Randle, Reese W; Balentine, Courtney J; Wendt, Elizabeth; Schneider, David F; Chen, Herbert; Sippel, Rebecca S.
Afiliação
  • Randle RW; Department of Surgery, University of Wisconsin, Madison, Wisconsin. Electronic address: randle@surgery.wisc.edu.
  • Balentine CJ; Department of Surgery, University of Wisconsin, Madison, Wisconsin.
  • Wendt E; Department of Surgery, University of Wisconsin, Madison, Wisconsin.
  • Schneider DF; Department of Surgery, University of Wisconsin, Madison, Wisconsin.
  • Chen H; Department of Surgery, University of Alabama, Birmingham, Alabama.
  • Sippel RS; Department of Surgery, University of Wisconsin, Madison, Wisconsin.

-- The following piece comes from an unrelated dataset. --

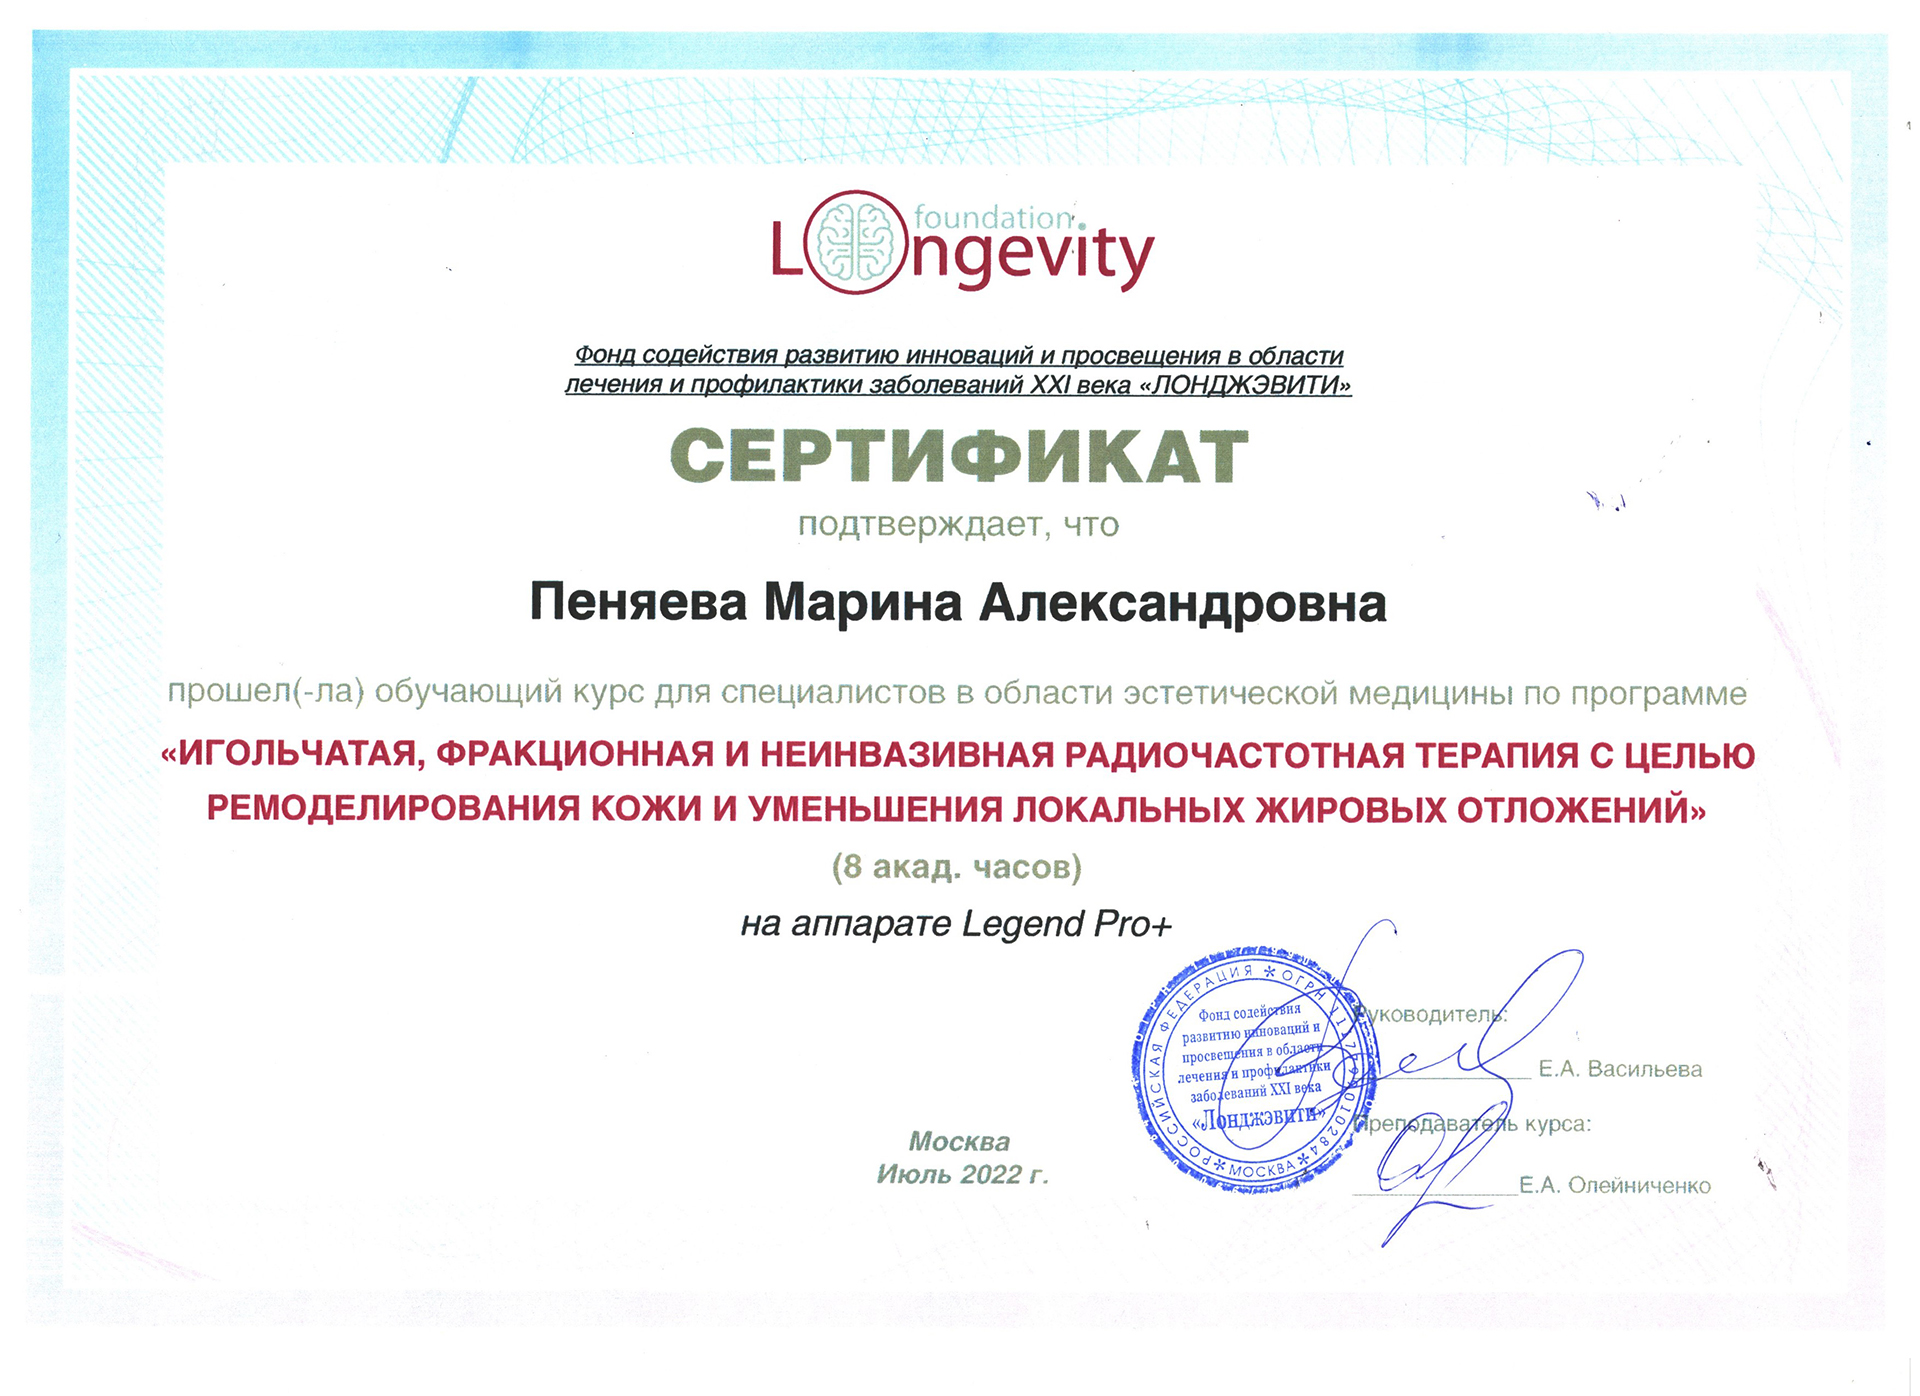 Сертификат — Программа «Игольчатая, фракционная и неинвазивная радиочастотная терапия». Пеняева Марина Александровна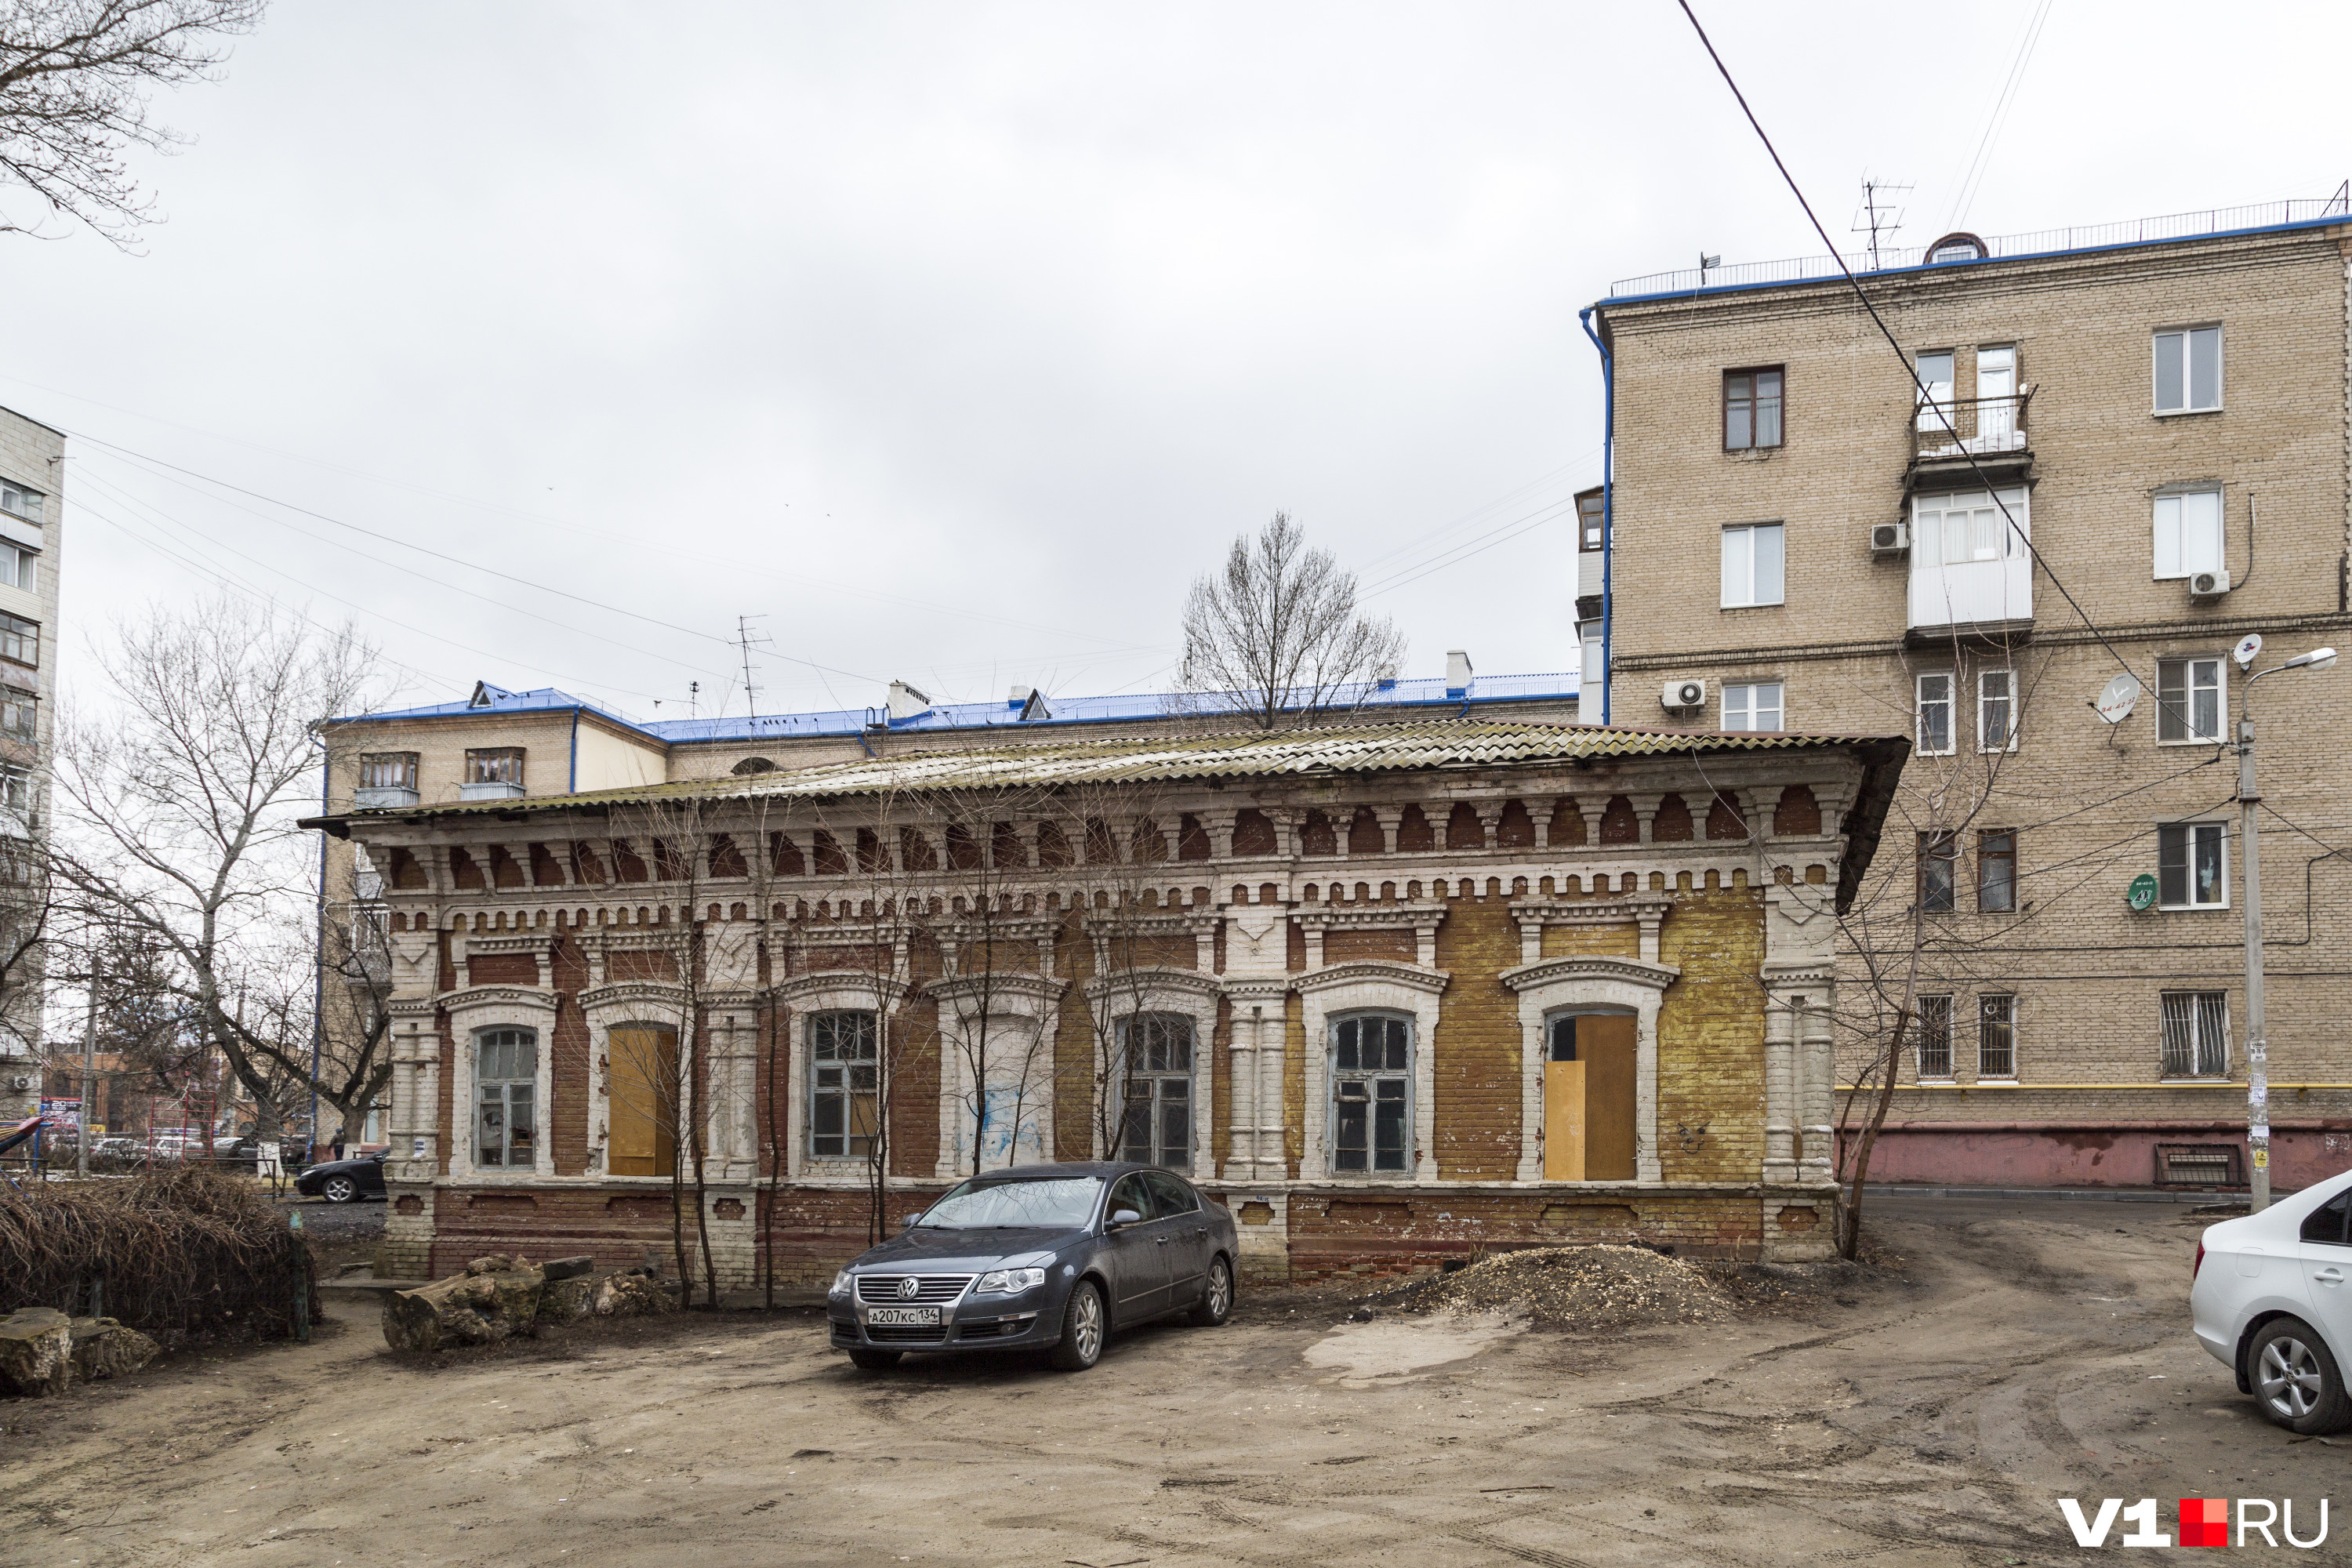 В 2018 году купеческий дом был продан за миллион рублей

J Surg Res ; 204(1): 94-100, 2016 07.
Article em En | MEDLINE | ID: mdl-27451873
BACKGROUND: Vitamin D deficiency is common in patients with hyperparathyroidism, but the importance of replacement before surgery is controversial. We aimed to evaluate the impact of vitamin D deficiency on the extent of resection and risk of postoperative hypocalcemia for patients undergoing parathyroidectomy for primary hyperparathyroidism. METHODS: We identified patients with primary hyperparathyroidism undergoing parathyroid surgery between 2000 and 2015 using a prospectively maintained database. Patients with normal (≥30 ng/mL) vitamin D were compared to those with levels less than 30 ng/mL. RESULTS: There were 1015 (54%) patients with normal vitamin D and 872 (46%) patients with vitamin D deficiency undergoing parathyroidectomy for primary hyperparathyroidism. Vitamin D deficiency was associated with higher preoperative parathyroid hormone (median 90 versus 77 pg/mL, P < 0.001) and calcium (median 10.5 versus 10.4 mg/dL, P < 0.001) compared with normal vitamin D. To achieve similar cure rates, patients with vitamin D deficiency were less likely to require removal of more than one gland (20% versus 30%, P < 0.001) than patients with normal vitamin D. Patients with vitamin D deficiency had similar rates of persistent (1.5% versus 2.0%, P = 0.43) and recurrent (1.7% versus 2.6%, P = 0.21) hyperparathyroidism. Postoperatively, both groups had equivalent rates of transient (2.3% versus 2.3%, P = 0.97) and permanent (0.2% versus 0.4%, P = 0.52) hypocalcemia. CONCLUSIONS: Restoring vitamin D in deficient patients should not delay the appropriate surgical treatment of primary hyperparathyroidism. Deficient patients are more likely to be cured with the excision of a single adenoma and no more likely to suffer persistence, recurrence, or hypocalcemia than patients with normal vitamin D.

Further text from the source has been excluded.